RECORDS, ACCOUNTING AND BANK ACCOUNTS

     5.1. BOOKS, RECORDS AND REPORTS.

          (a) The Partners shall keep adequate books of account of the Partnership
wherein shall be recorded and reflected all of the contributions to the capital
of the Partnership, all distributions of cash and other property by the
Partnership, and all of the income, expenses and transactions of the
Partnership. Such books of account shall be kept on a calendar year basis at
the principal place of business of the Partnership, or such other place that
the Managing Partner deems appropriate, and each Partner and his authorized
representatives shall have free access to and the right to inspect such books
of account at reasonable times, during business hours, upon reasonable notice
to the Partnership.

 

 

          (b) No later than 60 days after the close of each calendar year, the
Partnership shall deliver to each Partner all information necessary for the
preparation of each Partner’s federal income tax returns.

          (c) Whenever required, the Partners and/or the Partnership shall prepare
and file all other reports required to be filed with legal authorities.

     5.2. ACCOUNTING DECISIONS. All decisions as to accounting matters, except
as specifically provided to the contrary herein, shall be made by the Managing
Partner in accordance with generally accepted accounting principles applied in
a consistent manner. The Partners may rely upon the advice of the
Partnership’s accountants as to whether a decision is in accordance with
generally accepted accounting principles.
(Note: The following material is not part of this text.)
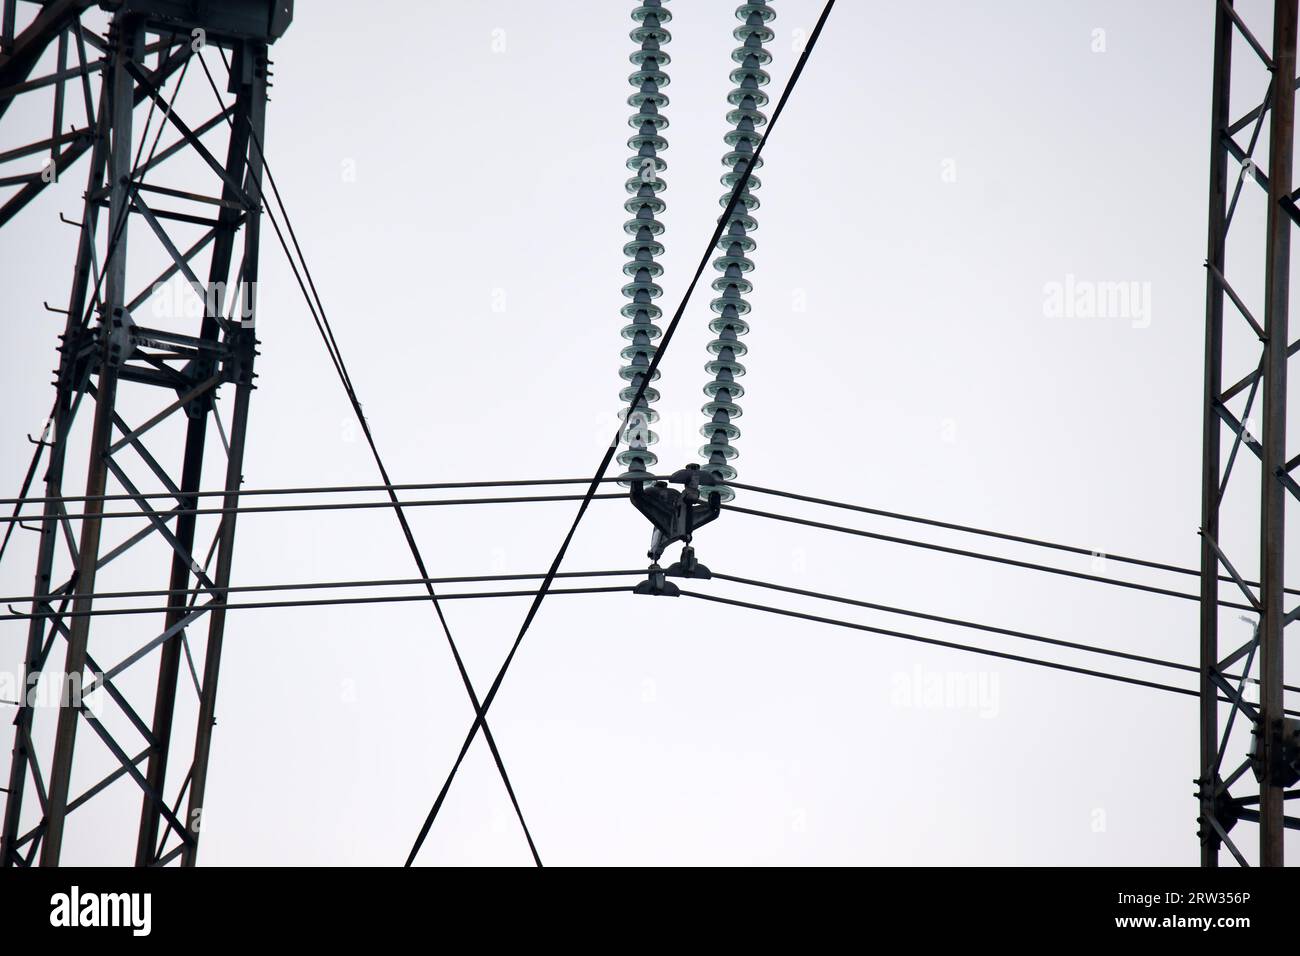 Hochspannungsturm mit elektrischen Stromleitungen, die durch eine sichere Schutzbuchse geteilt werden, wodurch die elektrische Energie sicher durch Kabeldrähte übertragen wird. Strom Stockfoto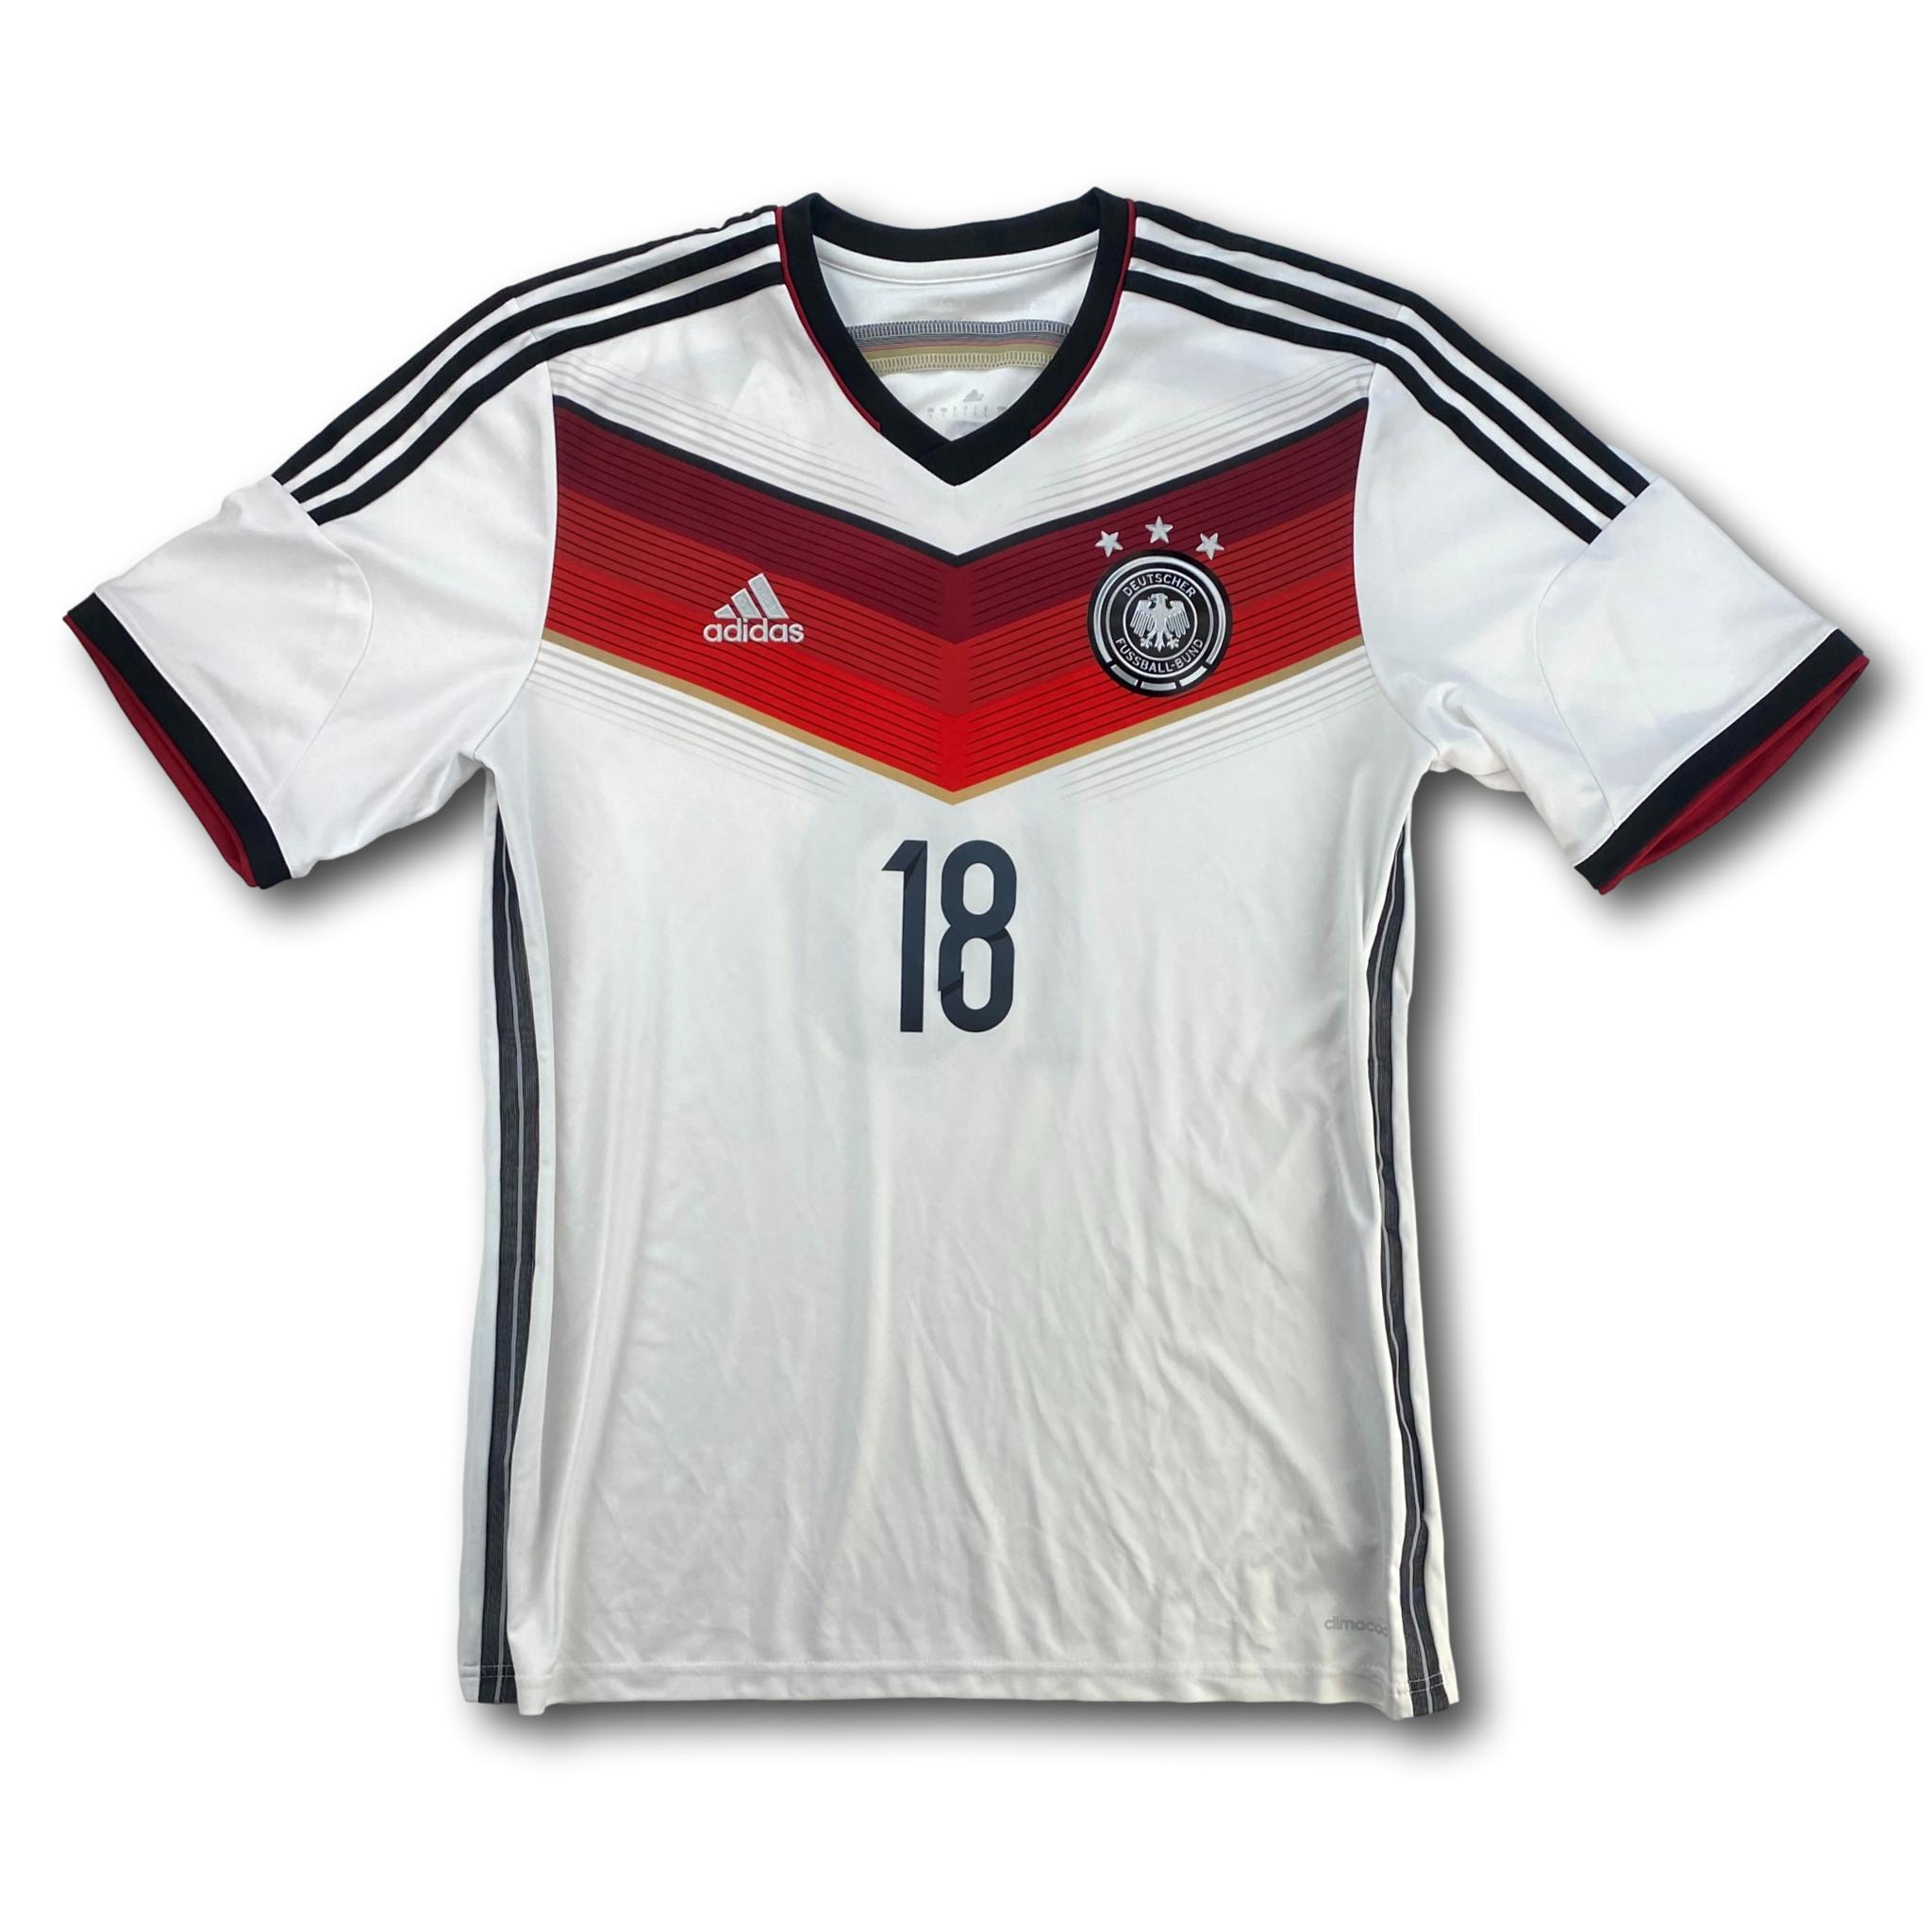 Deutschland 2014 Heim L adidas

     5.3. TAX MATTERS PARTNER. The Managing Partner shall be the tax matters
partner of the Partnership under section 6231(a)(7) of the Code.

 

 

ARTICLE VI

DISSOLUTION AND LIQUIDATION

     6.1. EVENTS OF DISSOLUTION. The Partnership shall be dissolved upon the
occurrence of any of the following events:

          (a) The mutual agreement of the Partners to dissolve the Partnership;

          (b) The sale or other disposition of all or substantially all of the
assets of the Partnership; or

          (c) The occurrence of any other event causing the dissolution of a
partnership under the laws of the State of Delaware or the issuance of a decree
of dissolution of the Partnership by a court of competent jurisdiction.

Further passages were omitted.